Thre yeer the martir heeld ther resydence,
Tyl Ayllewyn be revelacion
Took off the Bysshop upon a day licence
To leede Kyng Edmund ageyn to Bury town.
But by a maner symulacion
The bysshop granteth, and under that gan werche
Hym to translate into Powlys cherche;
Upon a day took with hym clerkis thre,
Entreth the cherche off seyn Gregory,
In purpose fully, yiff it wolde be,
To karye the martir fro thenys prevyly.
But whan the bysshop was therto most besy
With the body to Poulis forto gon,
Yt stood as fyx as a gret hill off ston.
Multitude ther myhte noon avayle,
Al be they dyde ther fforce and besy peyne;
For but in ydel they spent ther travayle.
The peple lefte, the bysshop gan dysdeyne:
Drauht off corde nor off no myhty chayne
Halp lyte or nouht—this myracle is no fable—
For lik a mount it stood ylyche stable.
Wherupon the bysshop gan mervaylle,
Fully diffraudyd off his entencion.
And whan ther power and fforce gan to faylle,
Ayllewyn kam neer with humble affeccion,
Meekly knelyng sayde his orysoun:
The kyng requeryng lowly for Crystes sake
His owyn contre he sholde not forsake.
With this praier Ayllewyn aroos,
Gan ley to hand: fond no resistence,
Took the chest wher the kyng lay cloos,
Leffte hym up withoute violence.
The bysshop thanne with dreed and reverence
Conveyed hym forth with processioun,
Till he was passid the subarbis off the toun.
* * * * *
FROM THE ACCESSION OF THE STUARTS TILL THE DESTRUCTION OF THE CATHEDRAL.

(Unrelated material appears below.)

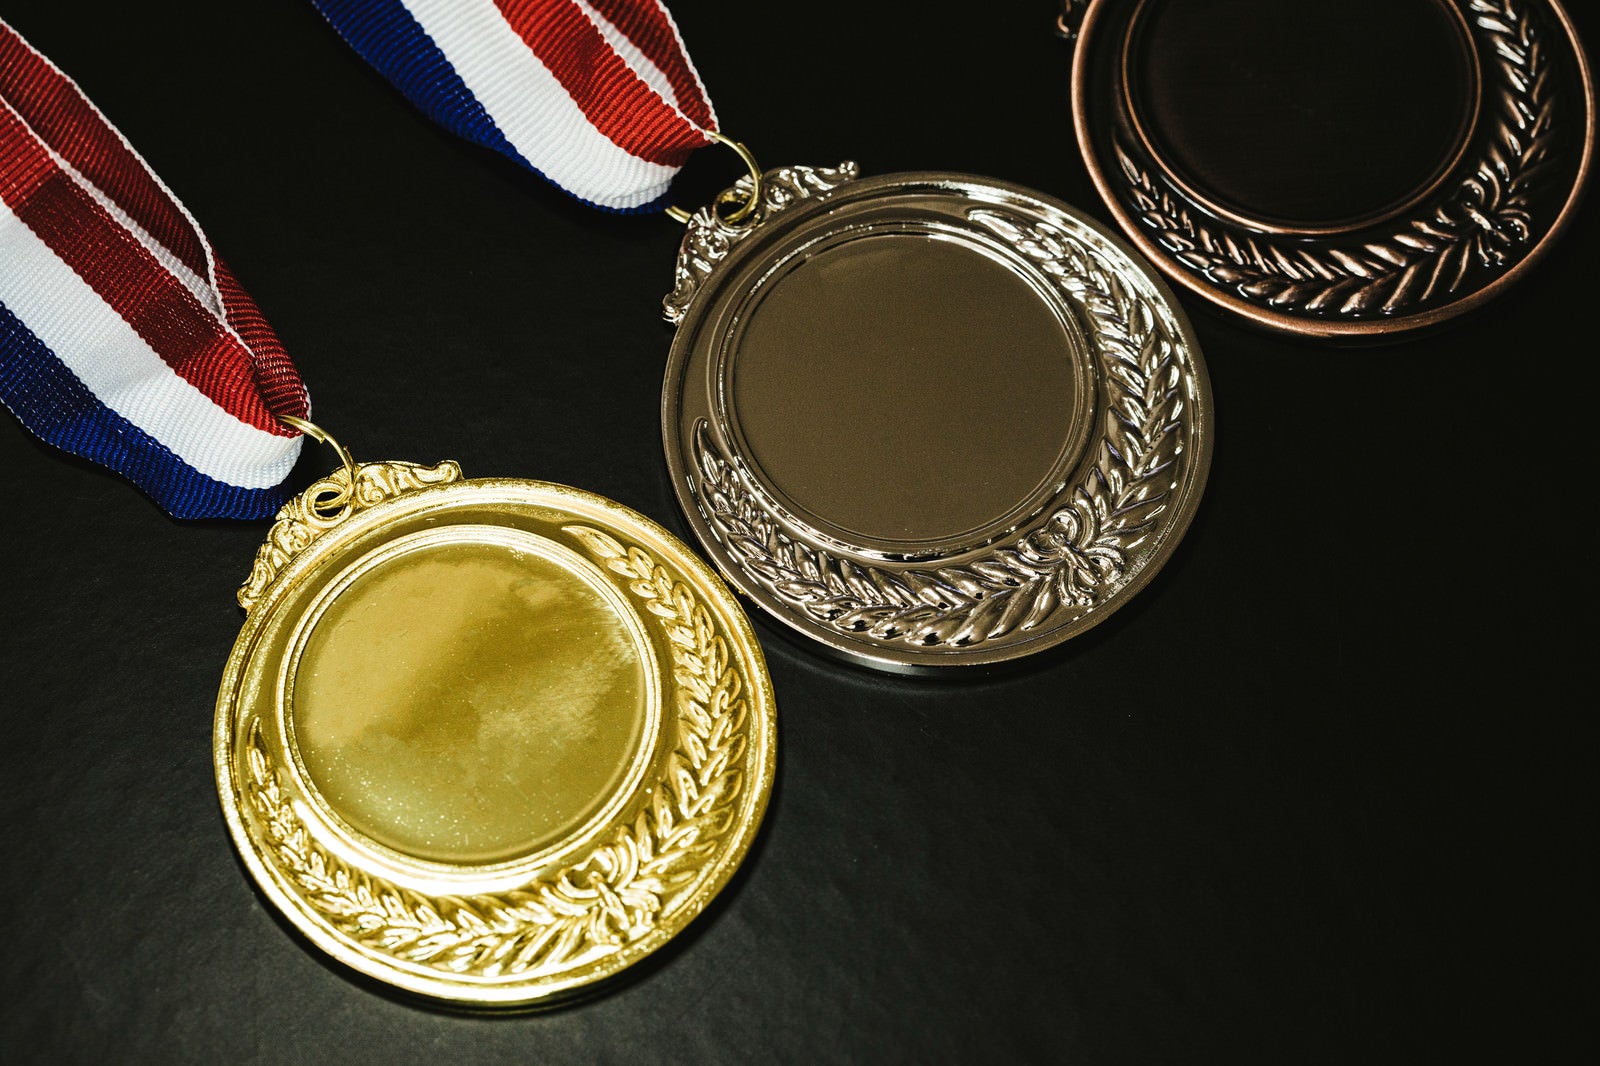 「金メダルと他の色のメダル」の写真

Fresh signs of Decay and Neglect—Visit of James I.—Bishop Earle’s Account of Paul’s Walk—Laud’s Letter to the Citizens —Sir Paul Pindar’s Munificence—The Rebellion—Monuments of the Stuart Period: Carey, Donne, Stokesley, Ravis, King, Vandyke—Attempts at Restoration: Inigo Jones, Wren—The Great Fire: Accounts of Pepys and Evelyn, Eye-witnesses—Sancroft’s desire to Restore the Old Cathedral found quite impossible—Final Decision to Build a New One.
We saw how, in the reign of Elizabeth, a great calamity befell the cathedral in the falling of the spire, and through this the great injury to the roof, and further how the Queen, as well as the citizens, endeavoured to repair the damage. The spire was not rebuilt, but the roof was renewed. But fifty years later it was discovered that the work had been fraudulently done, and the church was falling to pieces. James I. came with much ceremony, in consequence of the importunities which he received, to survey the cathedral, and in consequence of what he saw he appointed a commission to consider what steps should be taken. At the head of it was the Lord Mayor, and amongst the names is that of “Inigo Jones, Esquire, Surveyor to his Majesty’s Works.” This remarkable man, though he was born in the parish of St. Bartholomew the Less, Smithfield, was educated in Italy, through the generosity of Herbert, third Earl of Pembroke.